". . . The answer to that is easy if only you'd stop looking in the wrong place. This has nothing at all to do with working from home or working in an office. It has everything to do with trust, autonomy, inviting talented people to be themselves, telling people that the right behaviour is their natural behaviour."
We keep hearing about the Great Resignation - countless tens of thousands of employees resigning, job vacancies at long-term highs, risks of wage inflation as a result; along with speculation as to whether the phenomenon is driven by early-retiring boomers, mid-life change-of-sceners, dissatisfied millennials or some other niche sub-set of society.
I thought the reason for the Great Resignation was obvious; but the speculation I keep reading in the media and hearing in conversations tells me that it isn't. I read of HR professionals and leaders scratching their heads and wondering what it is that they need to do to retain talent, experience, corporate memory and finely developed skills.
It turns out the answer isn't obvious - so, let me offer it to you. The answer comes from what I pick up helping organisations develop inclusive workplaces that deliver positive wellbeing. And it's something I gather from conversations with people I coach and the leaders I talk to.
Your employees, your colleagues, your people - they have just spent the past two years being themselves and they've learned to love it. They've learned to love themselves, and they don't want to give it up.
Yes, they've still worked. They've worked damned hard. But they've done this without being in the constant gaze of the workplace. The constant oversight of an untrusting manager, or an untrusting system. A system that treats them as resources. Human Resources.
The situation we've all been in for the past couple of years has forced employers - managers and leaders - reluctantly to trust people to get on and do things.
And, you know what? They did just that. They got on and did things. And, you know what else? They made a bloody good job of it.

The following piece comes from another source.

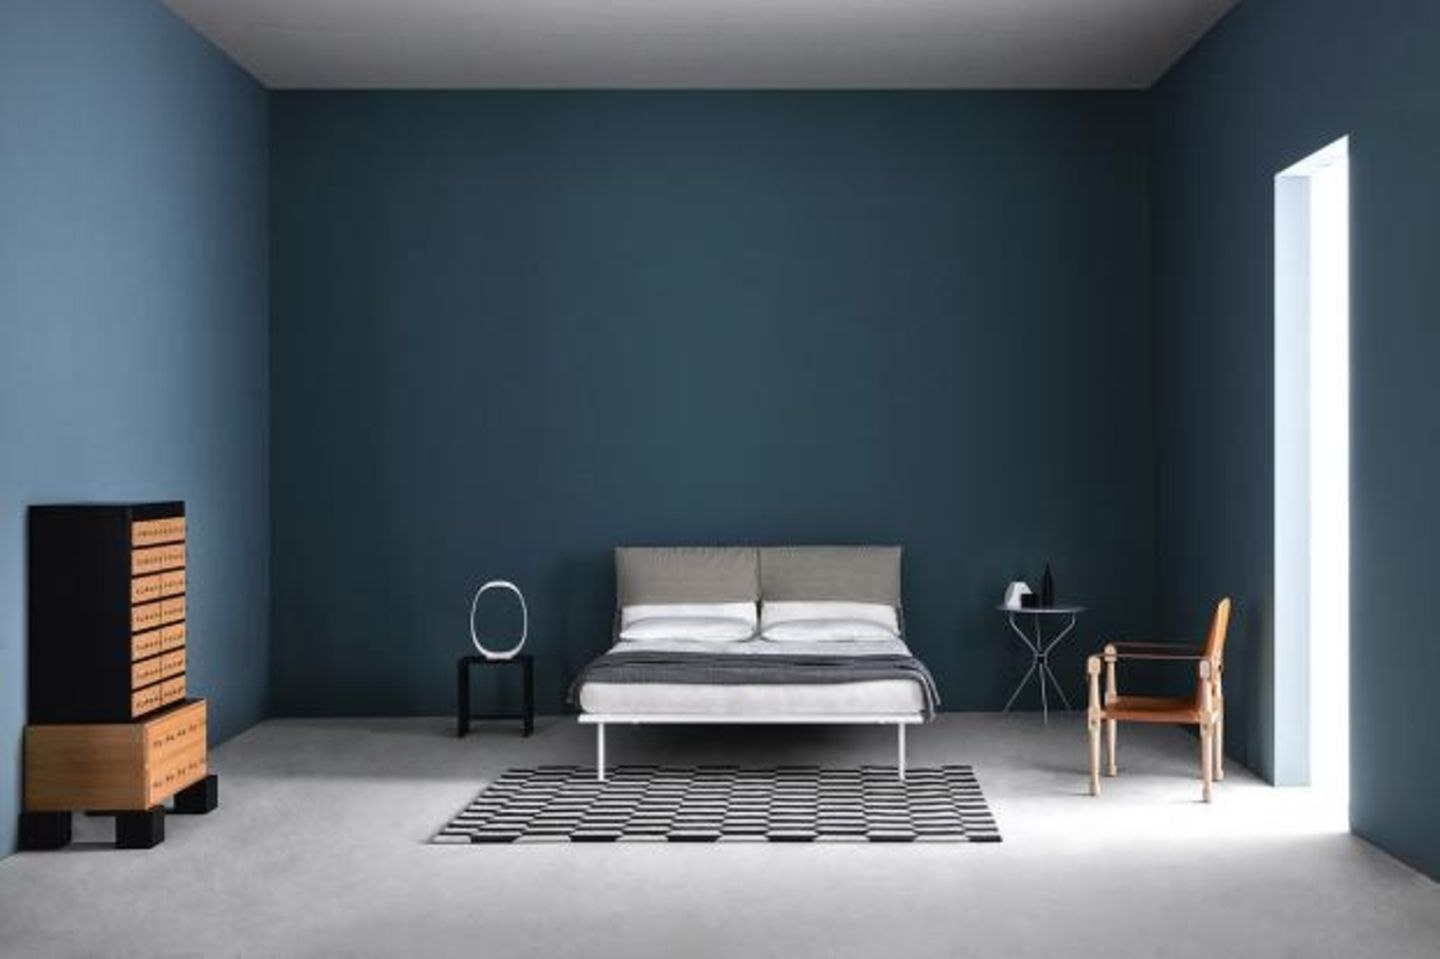 Schlafzimmer Mit Dunkler Wandfarbe - [Schöner Wohnen] with Schlafzimmer Farben Dunkel
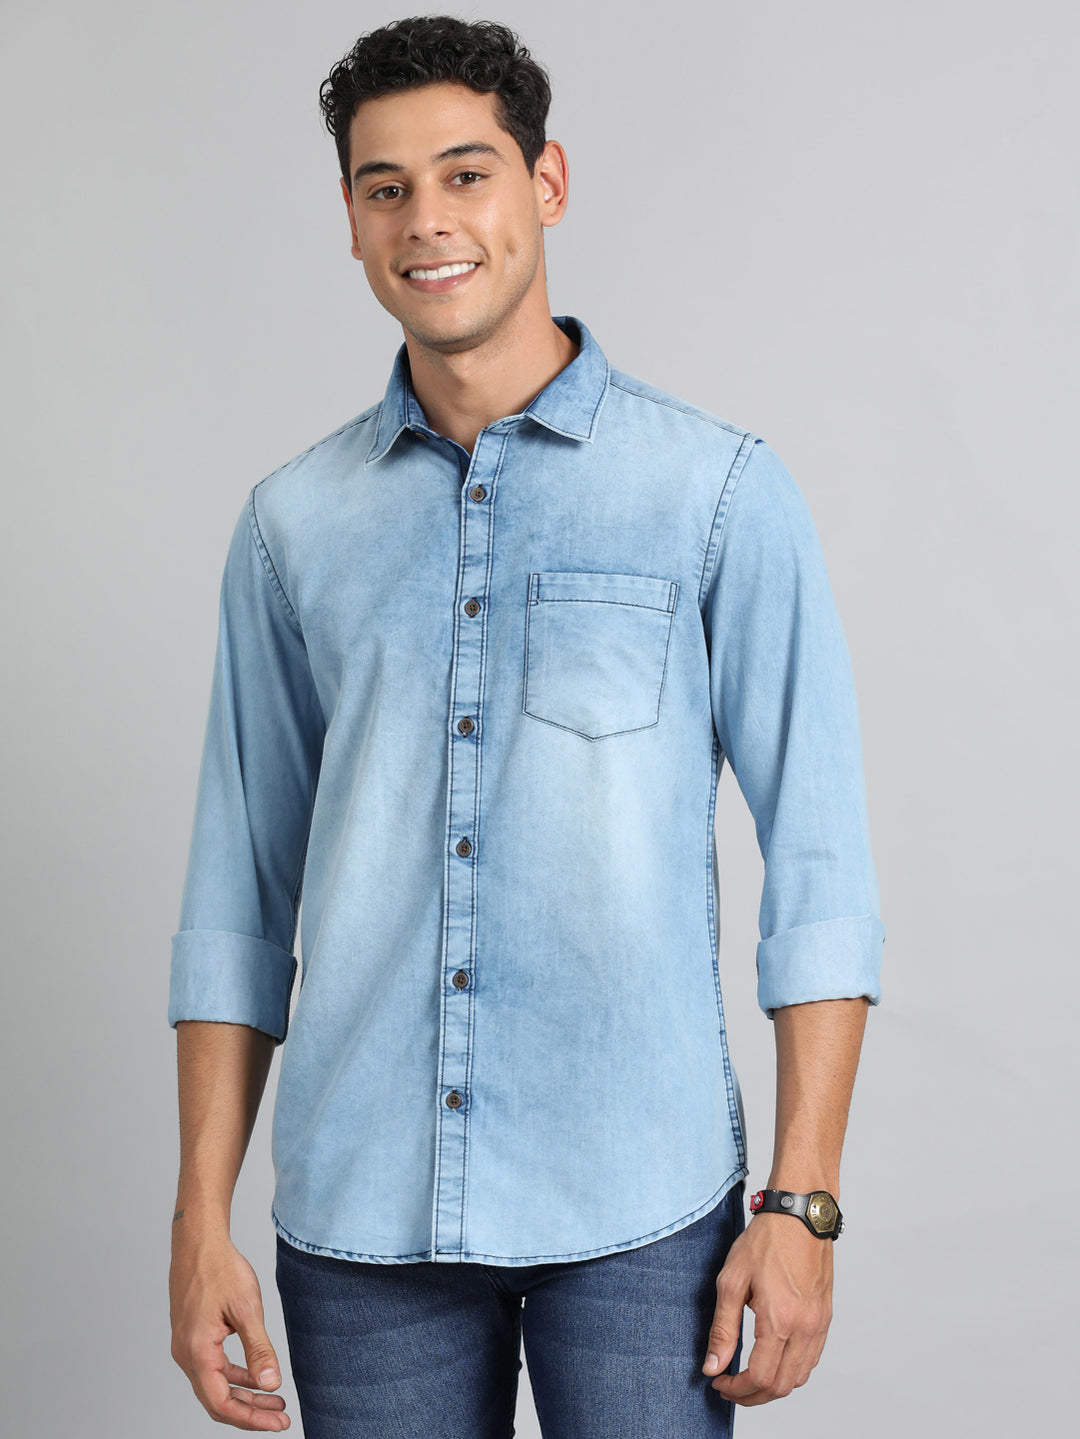 Slate Blue Denim Shirt Solid Shirt Bushirt

The need to conform to your office politics, your office banter, your office culture and so on was kept to a minimum. Maybe just confined to those Teams or Zoom meetings. Maybe not even then as the individual chose whether to be on video or not, to have a real background or not.
People have been able to dress how they liked, eat when they liked, take breaks when they liked, work around personal responsibilities.
And they still made you those widgets, or whatever it is that you wanted them to do. It turns out that you didn't need to be overseeing them quite so much. You didn't need to watch their every move. It turns out that it doesn't matter much when they take breaks, eat, go for a walk, talk to someone. It turns out it doesn't much matter whether they're a morning lark, a night owl or a bit of both with a siesta in-between. It turns out your people are responsible adults who can be trusted to do something, do it well and enjoy doing it with a sense of purpose.
For the first time in a working lifetime; people have realised who they really are, as individuals. And they've come to love themselves as they are. They value themselves and the ability to be themselves more than they've ever been valued before.
They've also come to realise that they used to spend SO much effort working SO hard to 'fit in'. And that's an expenditure of energy that used to drag on their wellbeing and leave them unnecessarily exhausted. This need to 'fit in' led to them feeling excluded, because not everyone wants to do the exact same thing in the exact same way. That's the wonderful diversity of humanity.
So. If you want to understand what it is that's pulling your staff away from your workplace. Here's the answer.
It's you. It's your culture. It's the sense you give to your people that they need to be a particular type of person to 'fit in'. That they need to have the 'right behaviours' which is corporate-speak for 'they need to behave in a certain way that only a few people (the leaders) get to define'. It's the lack of trust, the loss of autonomy, the (mis-)perceived need for oversight.
These are the things that are driving your employees away.
So. How do you retain talent? How do you retain experience? How do you retain corporate memory? How do you retain finely developed skills? How do you become an 'employer of choice' that countless new employees want to join.
The answer to that is easy if only you'd stop looking in the wrong place. This has nothing at all to do with working from home or working in an office.
It has everything to do with trust, autonomy, inviting talented people to be themselves, telling people that the right behaviour is their natural behaviour.